Tre Jones made just one of his 11 shots, and Duke turned the ball over 20 times. Seemingly every loose ball went in UNC’s favor. The hole continued to grow until it was just too deep for Duke to climb out. How exactly does one replicate the runaway favorite for every major college basketball award?
The loss of Williamson was a perfect example of Duke’s fatal flaw: a lack of depth. Duke has been challenged when it doesn’t have three scoring options. In their only other ACC loss this season, to Syracuse, the Blue Devils were without Reddish because of the flu and Jones had to leave early with an injury.

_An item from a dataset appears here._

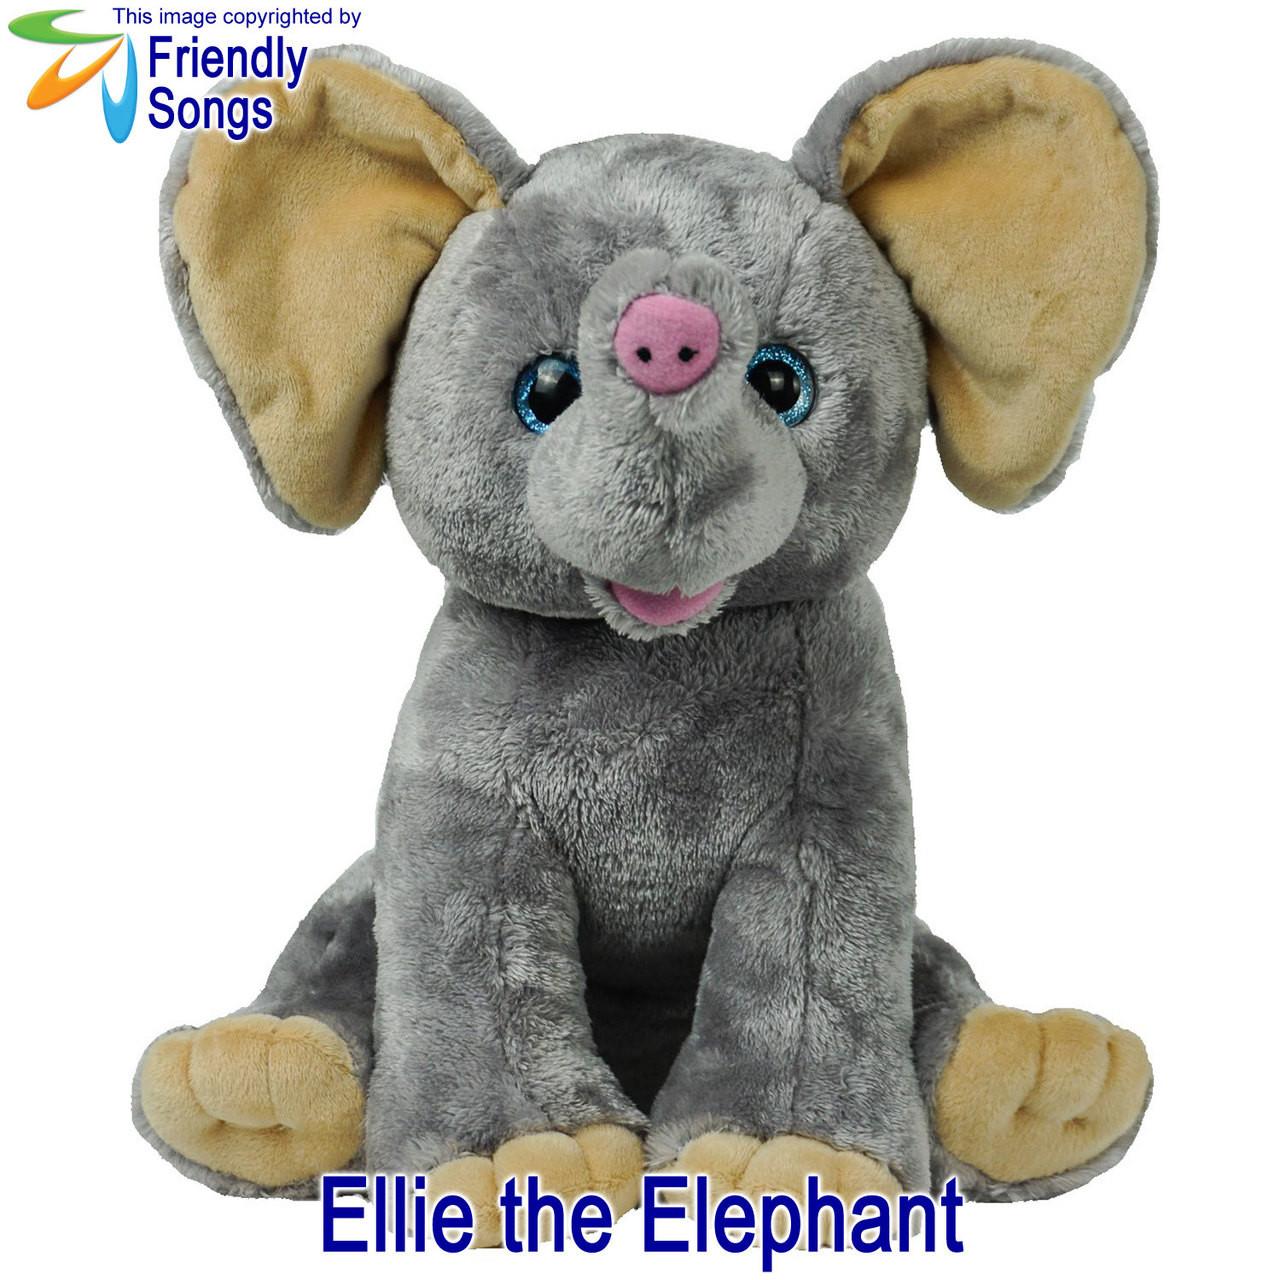 Ellie the Elephant Personalized Stuffed Animal
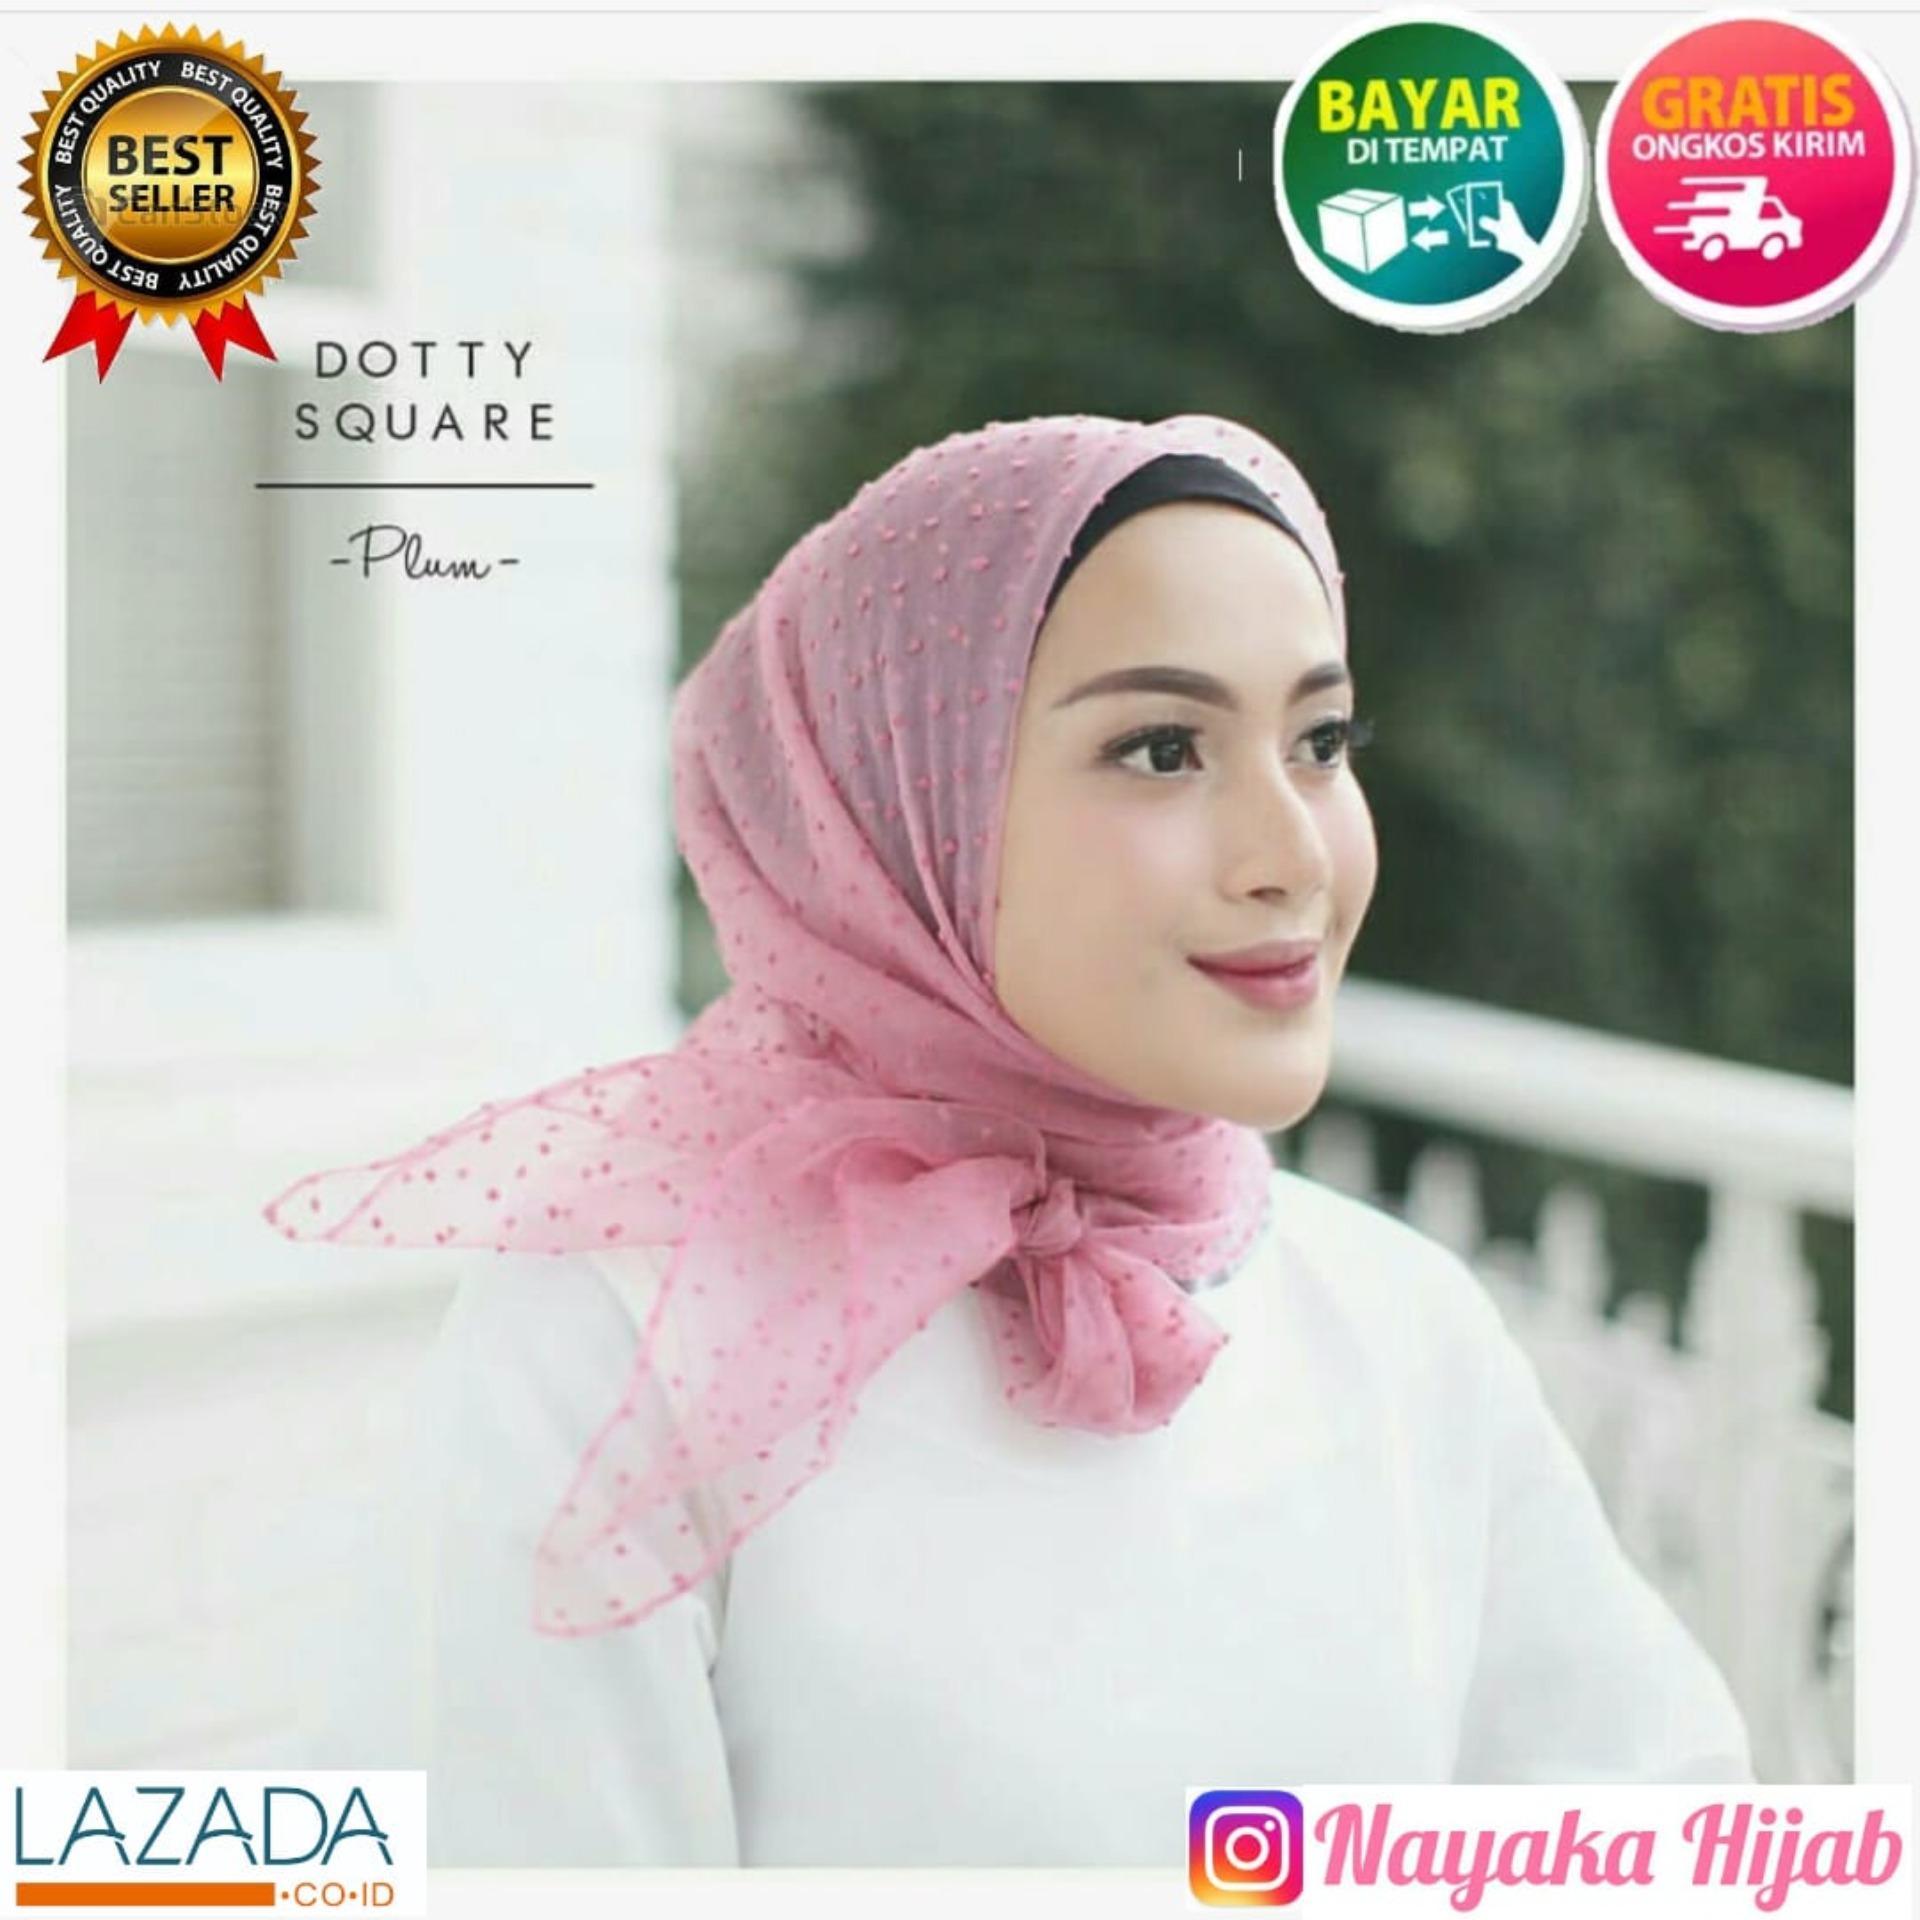 PROMO Jilbab Organza dot | Hijab Organza dot | HijabOrganza Square Best Seller dot | Jilbab Segi empat organza Dot

If Duke has hopes of winning its sixth national championship — and you can be sure it does — then this team will need other players to step up. A superhero performance from a superhuman freshman is no longer a guarantee. Something as fluky as a bad sneaker could spell ruin.
“It set us back,” Reddish said. “(Williamson is) a key player. Losing him hurt. We have to learn how to fight when we lose pieces.”
Williamson’s timetable to return is unknown; more about the extent of his injury will be determined in the coming days. The good thing for Duke is it has another shot at UNC at the Dean Smith Center in just a few weeks. But if Williamson is unavailable then, it may be an encore of what we saw Wednesday: a repeat loss on Tobacco Road for a supremely talented team that’s one 6-7, 285-pound teenager away from being unbeatable.